In this economically challenging time, yours truly, CEO of the Outrageous Products Enterprise, would like to make extra money to support his frequent filet-mignon -and- double-lobster-tail dinner habit. A promising enterprise is to mass-produce tourmaline wedding rings for brides. Based on my diligent research, I have found out that women's ring size normally distributed with a mean of 6.0, and a standard deviation of 1.0. I am going to order 5000 tourmaline wedding rings from my reliable Siberian source. They will manufacture ring sizes from 4.0, 4.5, 5.0, 5.5, 6.0, 6.5, 7.0, 7.5, 8.0, 8.5, 9.0, and 9.5. How many wedding rings should I order for each of the ring sizes should I order 5000 rings altogether?

A soda company wants to stimulate sales in this economic climate by giving customers a chance to win a small prize for every bottle of soda they buy. There is a 20% chance that a customer will find a picture of a dancing banana at the bottom of the cap upon opening up a bottle of soda. The customer can then redeem that bottle cap with this picture for a small prize. Now, if I buy a 6-pack of soda, what is the probability that I will win something, i.e., at least winning a single small prize?

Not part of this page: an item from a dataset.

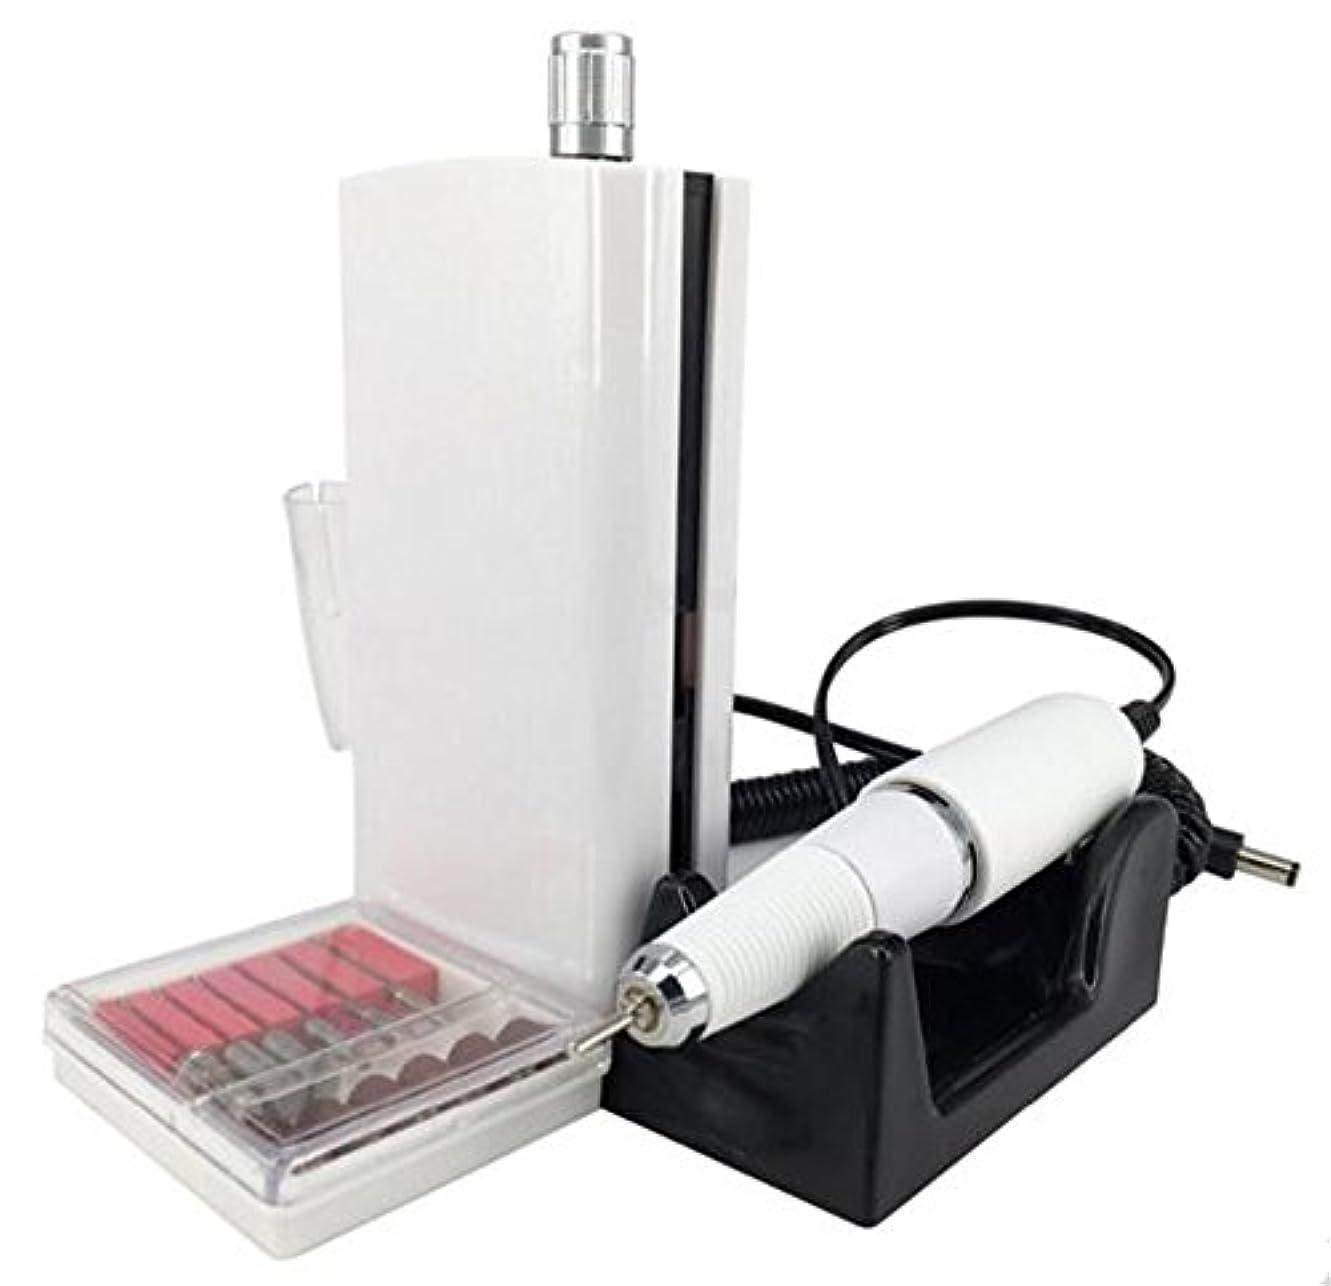 驚いたマーチャンダイザー安定UZMEIマニキュアとペディキュア用具30000RPM 充電式電気ネイルドリルプロフェッショナルまたは家庭用の6pcドリルビット付き

When constructing a confidence interval for a population with a simple random sample selected from a normally distributed population with unknown σ, the Student t-distribution should be used. If the standard normal distribution is correctly used instead, how would the confidence interval be affected?

Below is a summary of the Quiz 1 for two sections of STAT 225 last spring. The questions and possible maximum scores are different in these two sections. We notice that Student A4 in Section A and Student B2 in Section B have the same numerical score. How do these two students stand relative to their own classes? And, hence, which student performed better? Explain your answer.

My brother wants to estimate the proportion of Canadians who own their house. What sample size should be obtained if he wants the estimate to be within 0.02 with 90% confidence if a. he uses an estimate of 0.675 from the Canadian Census Bureau? b. he does not use any prior estimates? But in solving this problem, you are actually using a form of "prior" estimate in the formula used. In this case, what is your "actual" prior estimate? Please explain.

An amusement park is considering the construction of an artificial cave to attract visitors. The proposed cave can only accommodate 36 visitors at one time. In order to give everyone a realistic feeling of the cave experience, the entire length of the cave would be chosen such that guests can barely stand upright for 98% of all the visitors. The mean height of American men is 70 inches with a standard deviation of 2.5 inches. An amusement park consultant proposed a height of the cave based on the 36-guest-at-a-time capacity. Construction will commence very soon. The park CEO has a second thought at the last minute, and asks yours truly if the proposed height is appropriate. What would be the proposed height of the amusement park consultant? And do you think that it is a good recommendation? If not, what should be the appropriate height? Why?

A department store manager has decided that dress code is necessary for team coherence. Team members are required to wear either blue shirts or red shirts. There are 9 men and 7 women in the team. On a particular day, 5 men wore blue shirts and 4 other wore red shirts, whereas 4 women wore blue shirts and 3 others wore red shirts. Apply the Addition Rule to determine the probability of finding men or blue shirts in the team.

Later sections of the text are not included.